Content starts

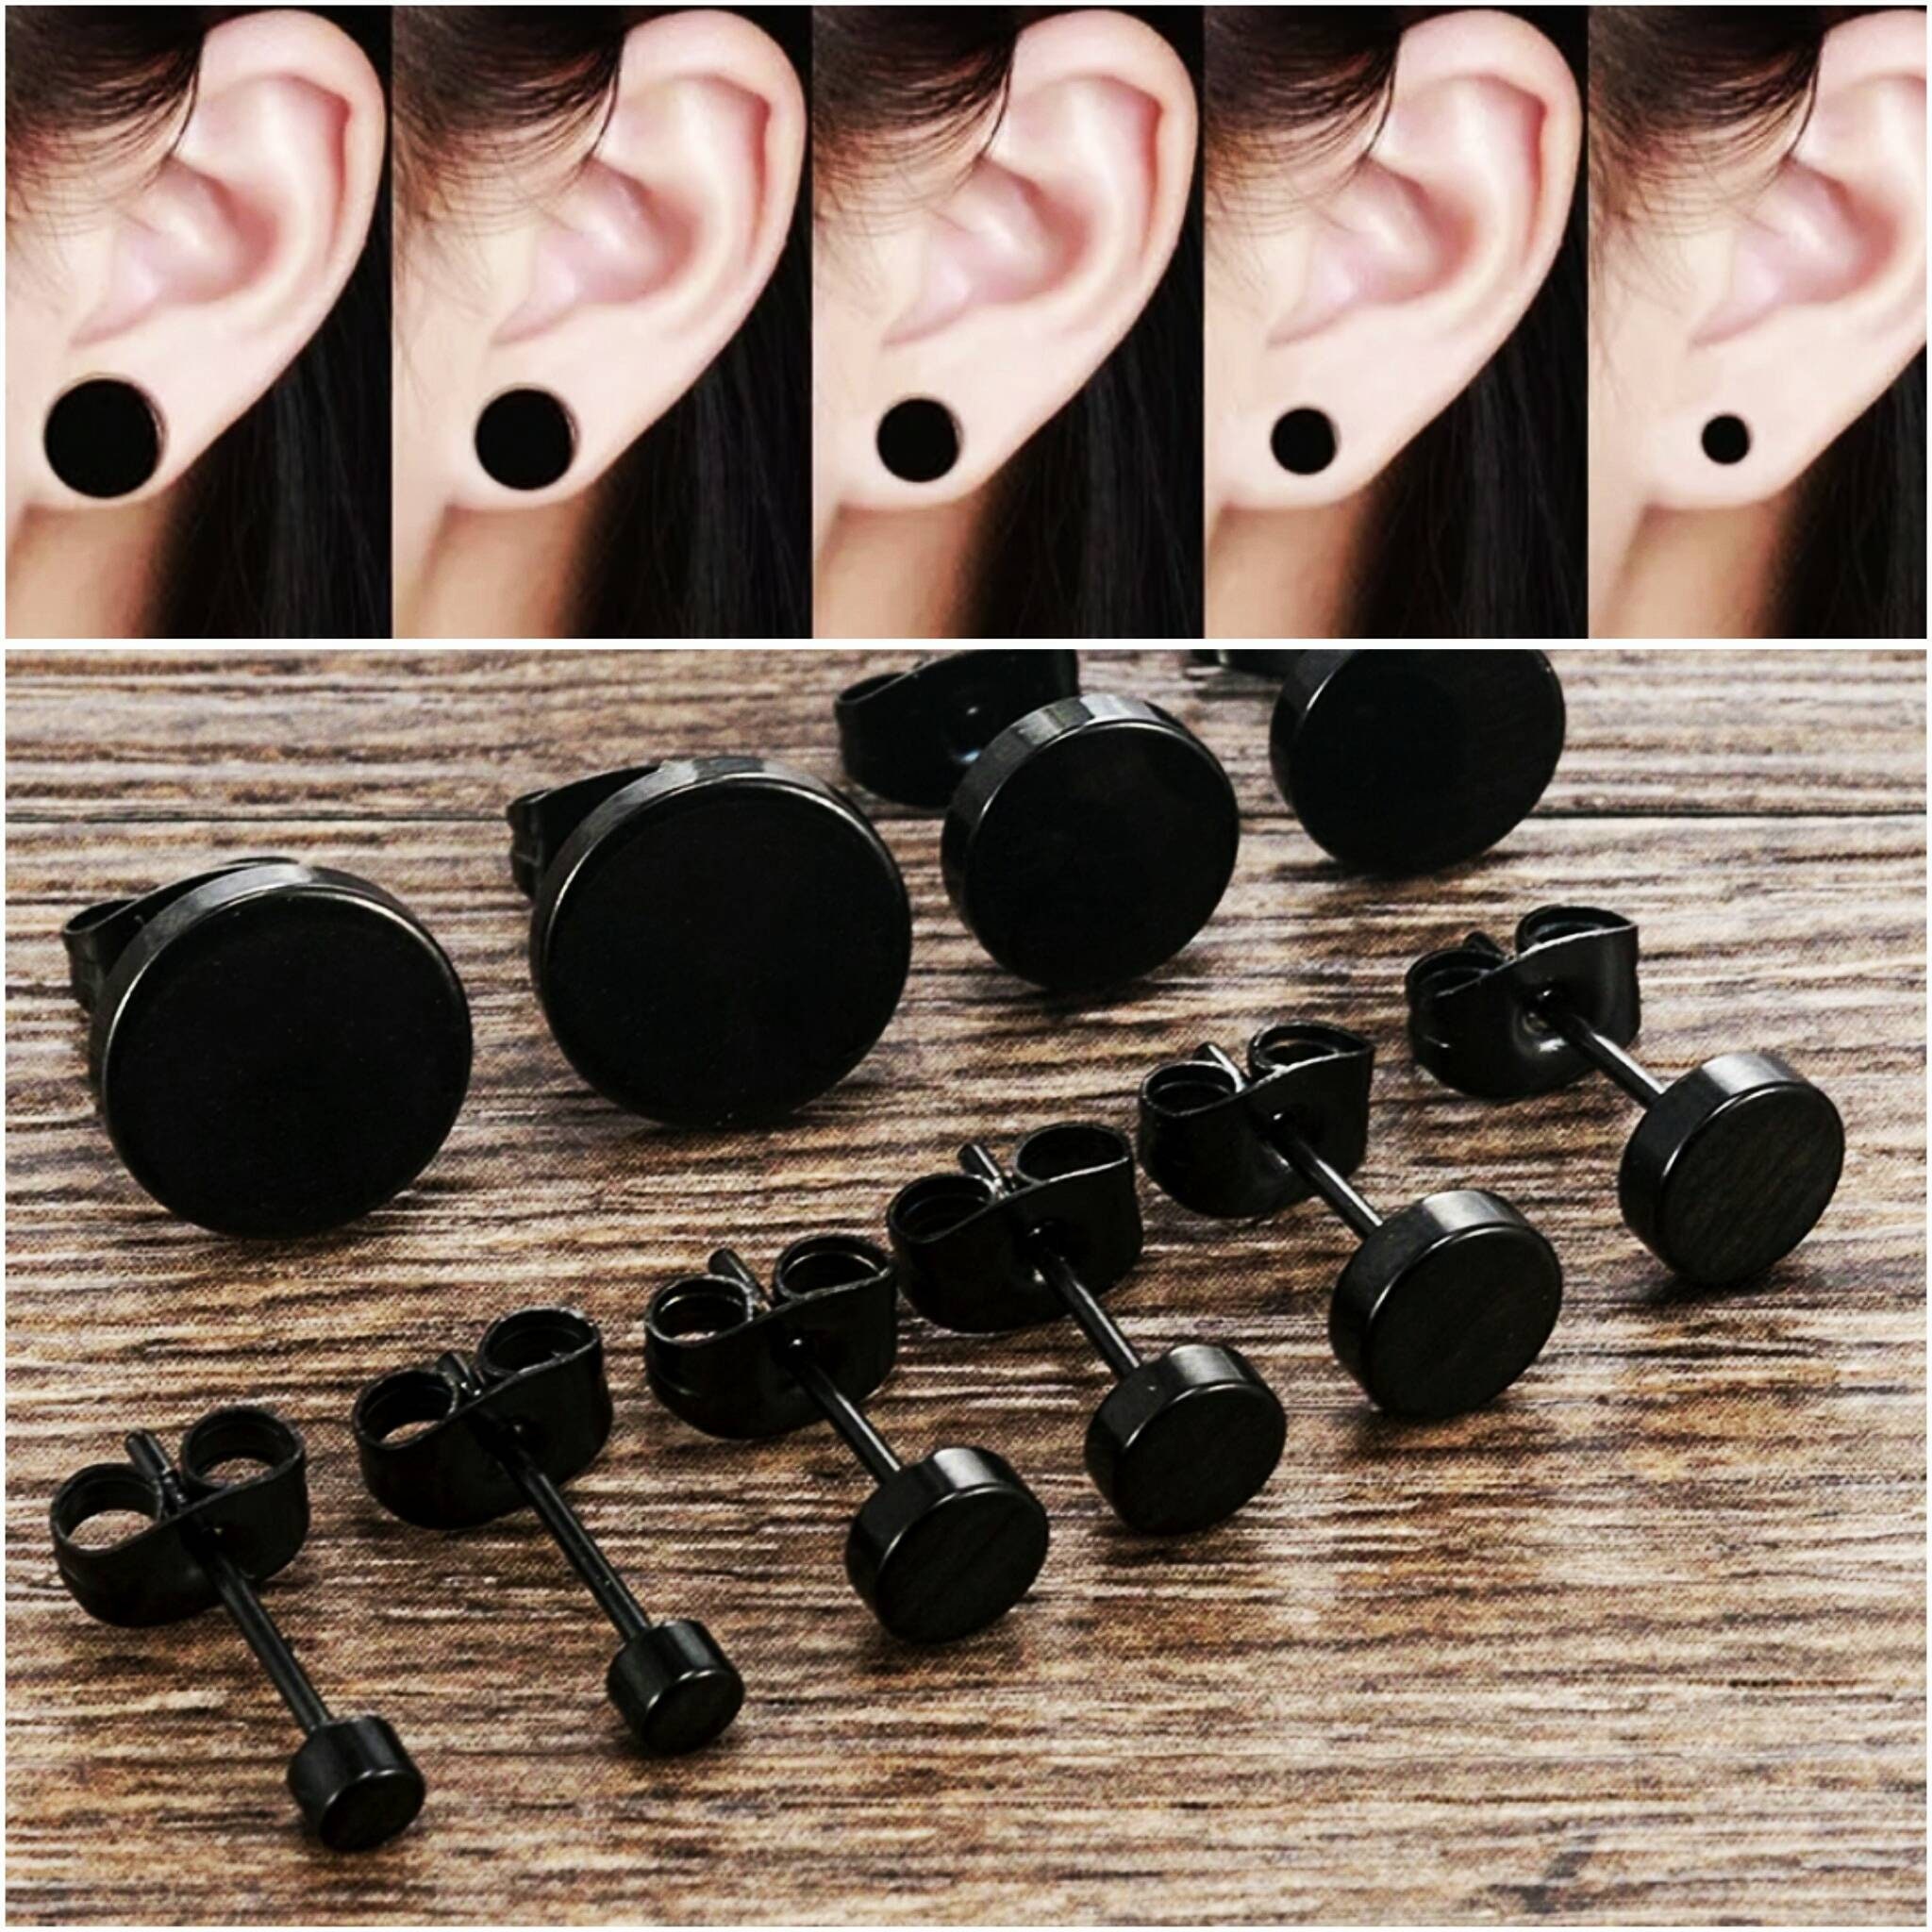 Pair of Black Studs Earrings Made of Surgical Stainless Steel - Etsy
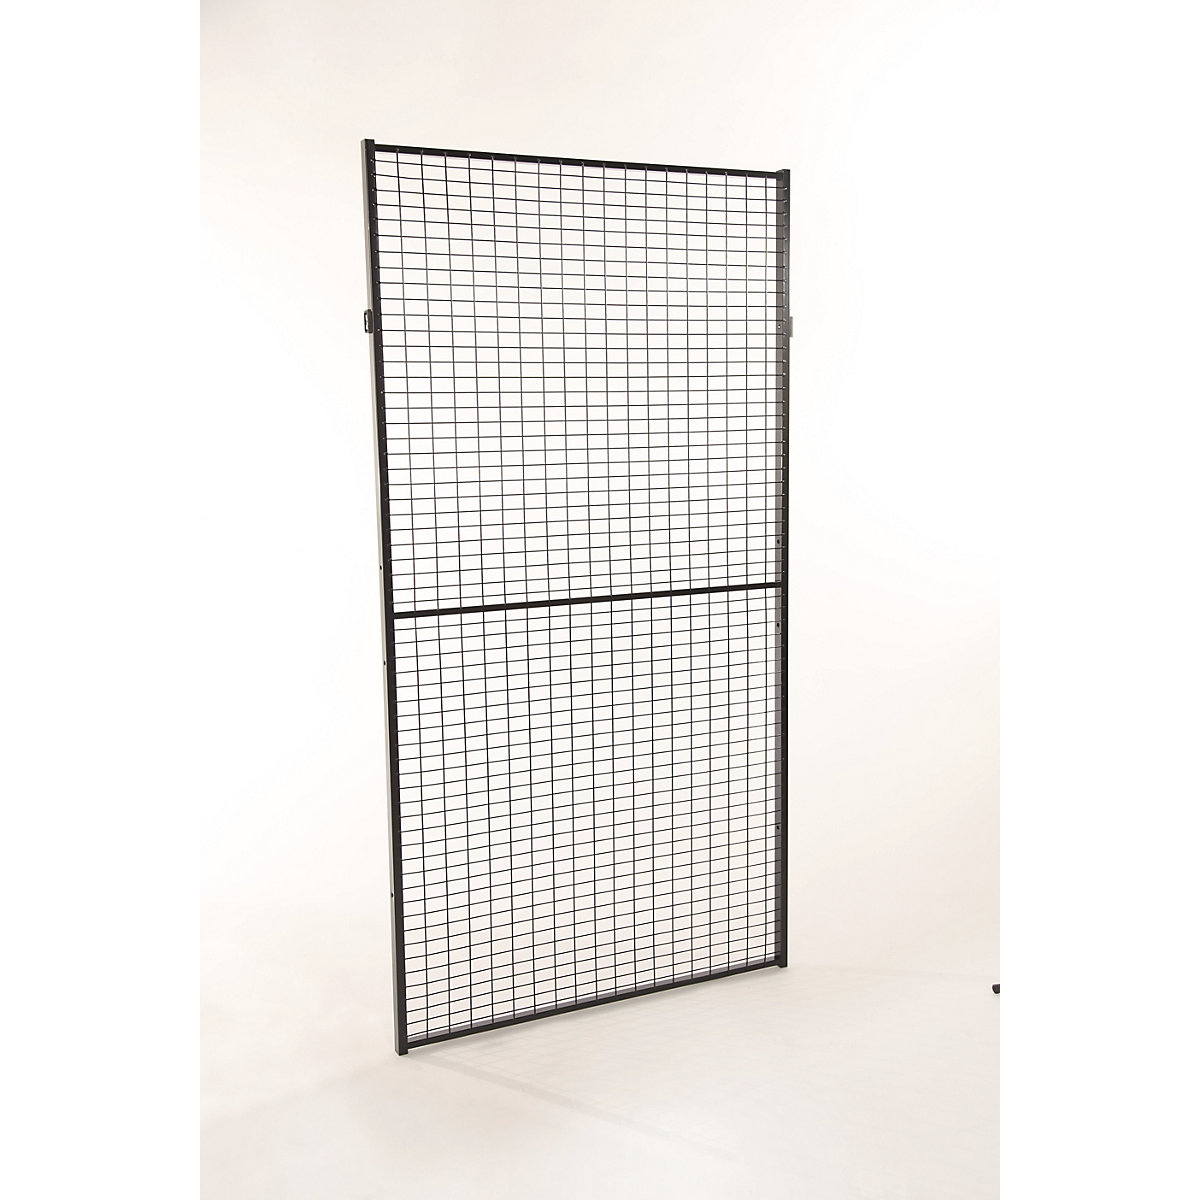 Axelent – X-GUARD CLASSIC machine protective fencing, wall section, height 1900 mm, width 500 mm
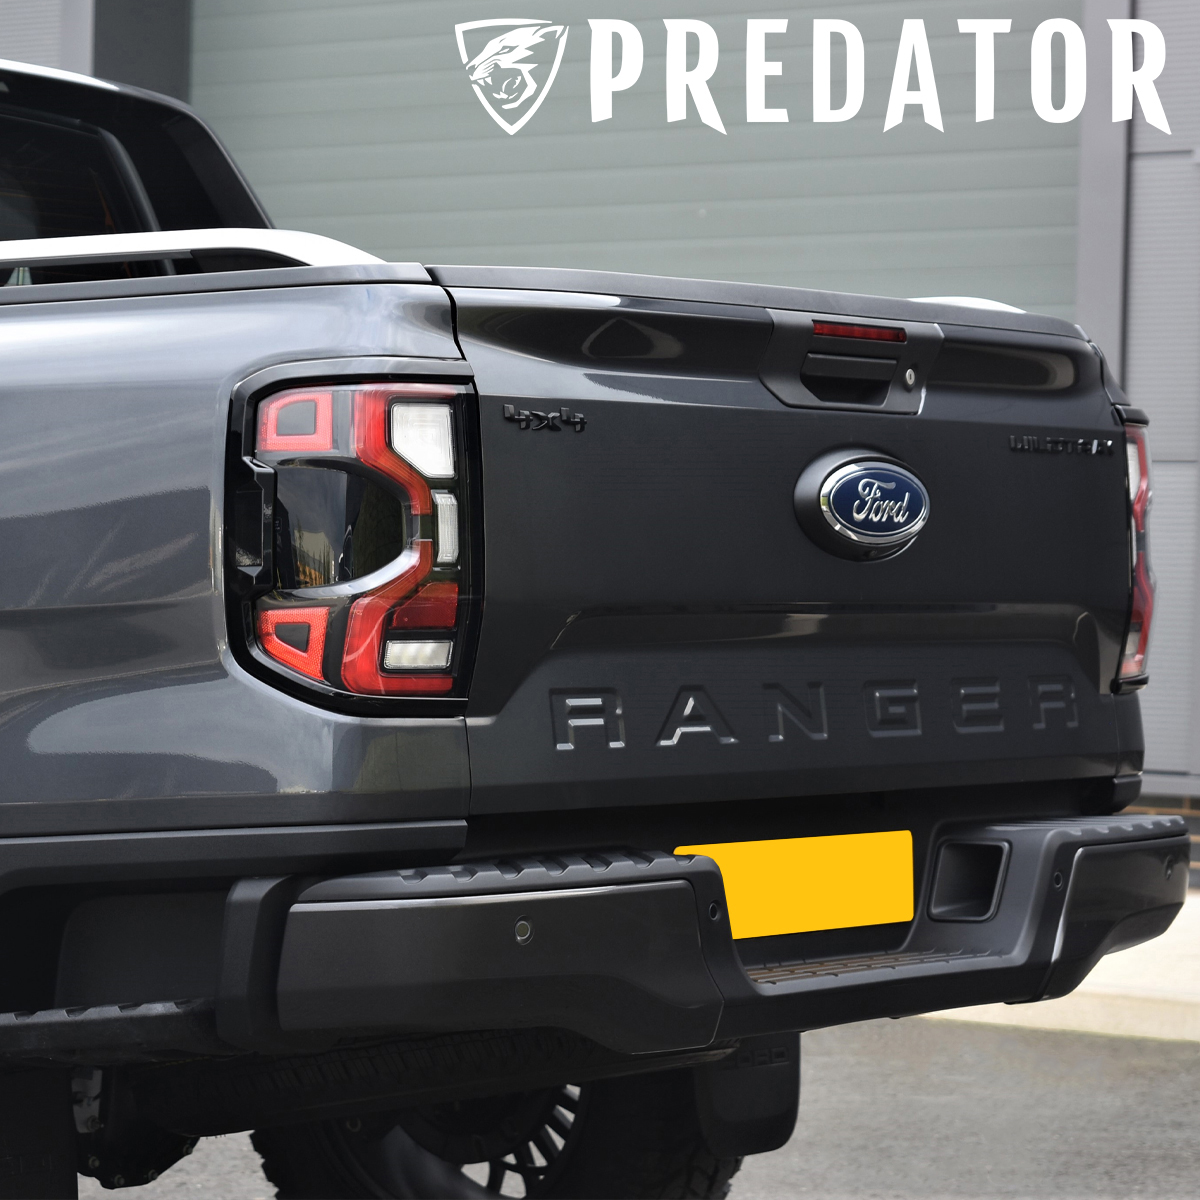 New Accessories Available for the 2023 Ford Ranger at 4x4AT!
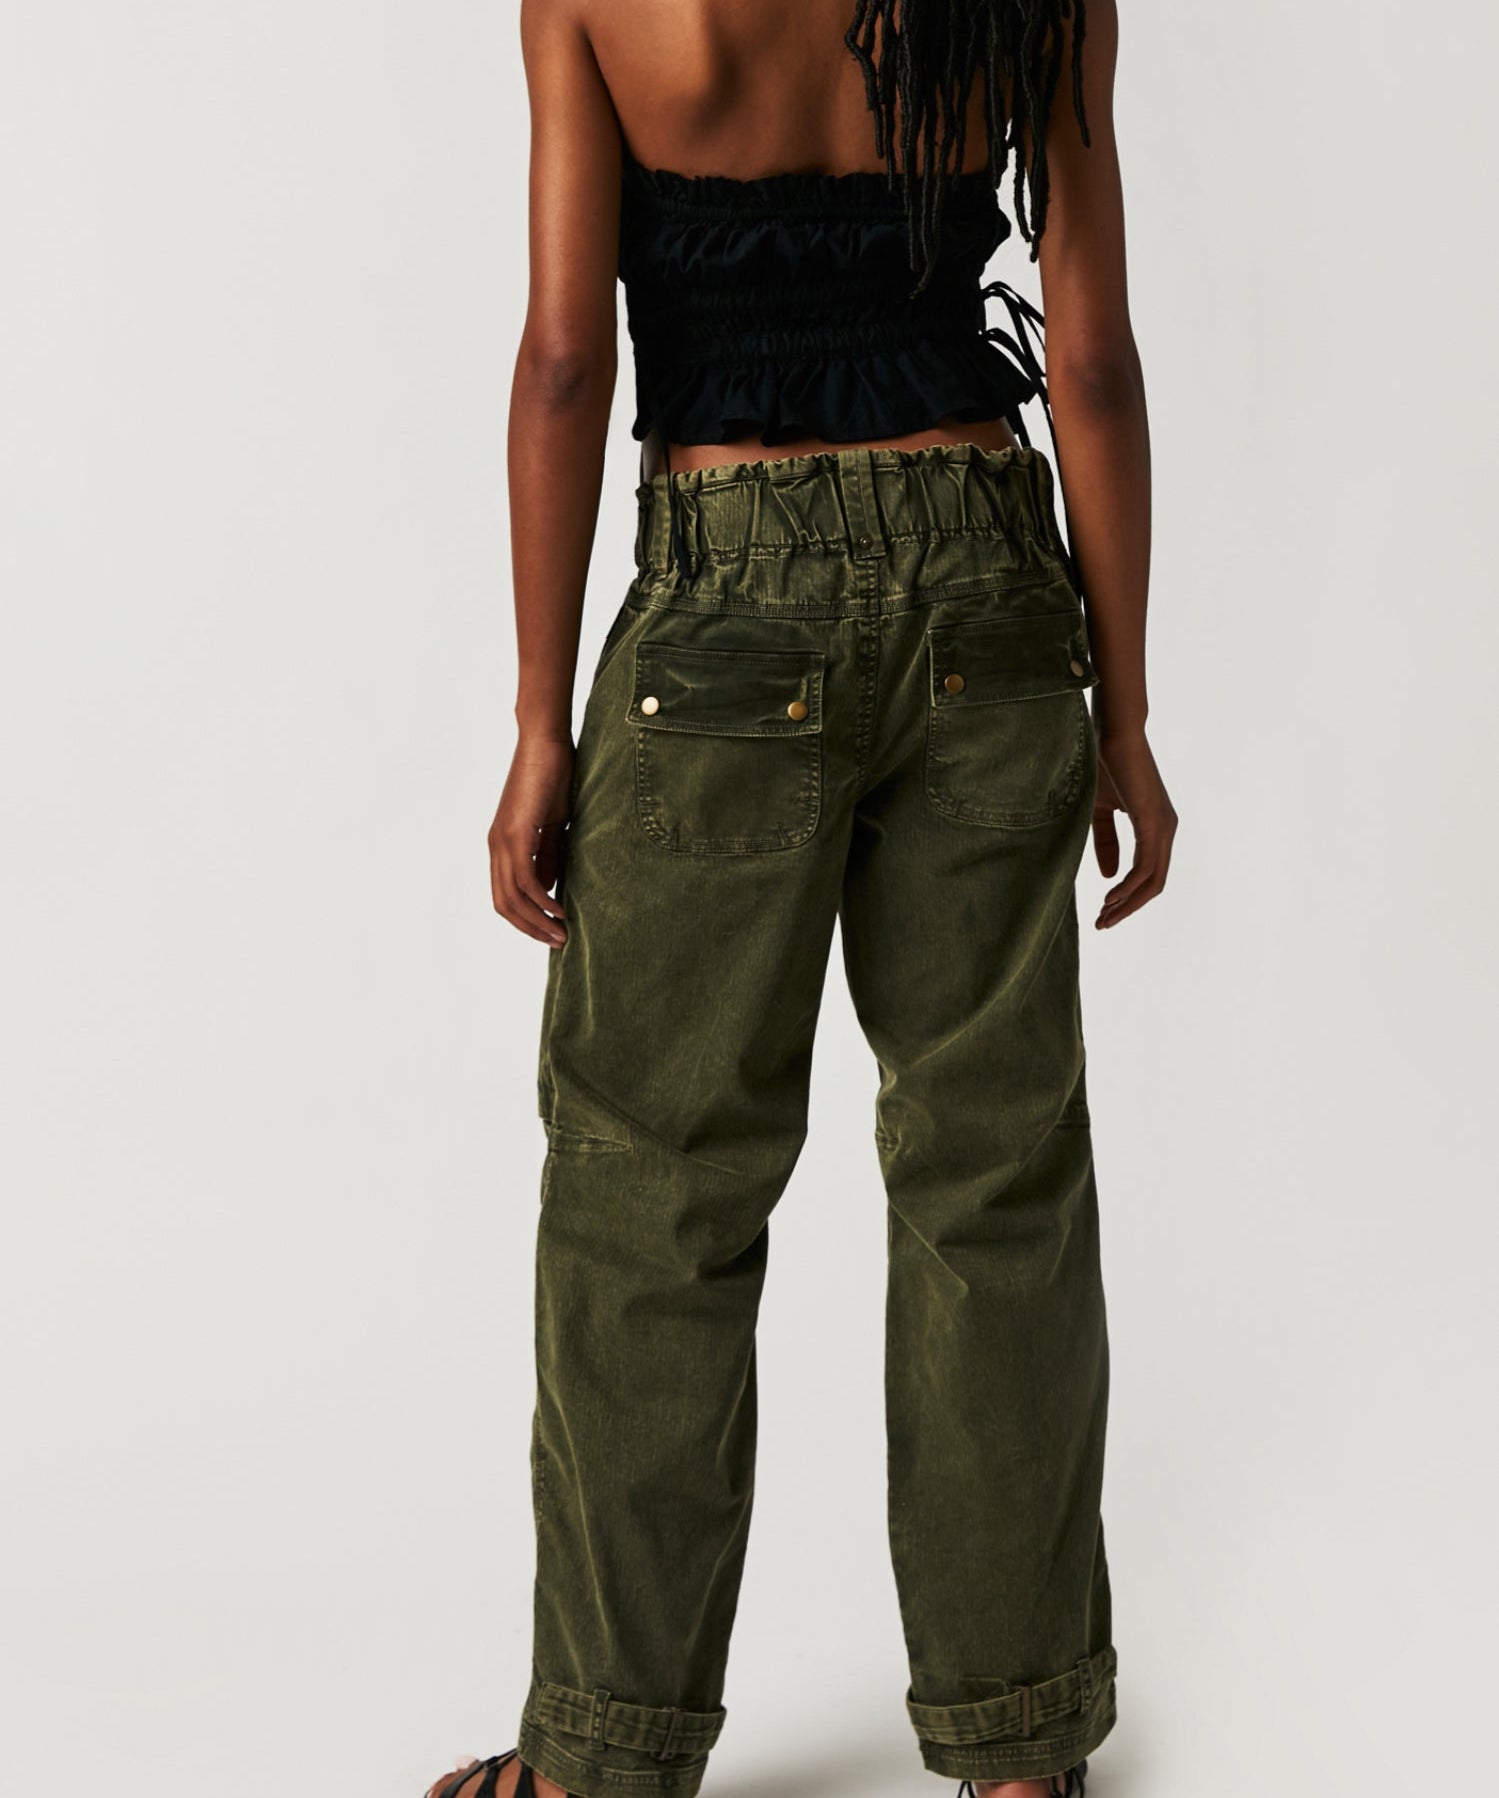 Can't Compare Slouch Pants by Free People - dusty olive - Blue Sky Fashions & Lingerie

Content ends

(Instructions for the task) The pictures are not wanted, but every line of the listing should be duplicated exactly.

(Exercise solution)
 Pair of Black Studs Earrings Made of Surgical Stainless Steel - Etsy
 Axelent – X-GUARD CLASSIC machine protective fencing, wall section, height 1900 mm, width 500 mm
 New Accessories Available for the 2023 Ford Ranger at 4x4AT!
 Can't Compare Slouch Pants by Free People - dusty olive - Blue Sky Fashions & Lingerie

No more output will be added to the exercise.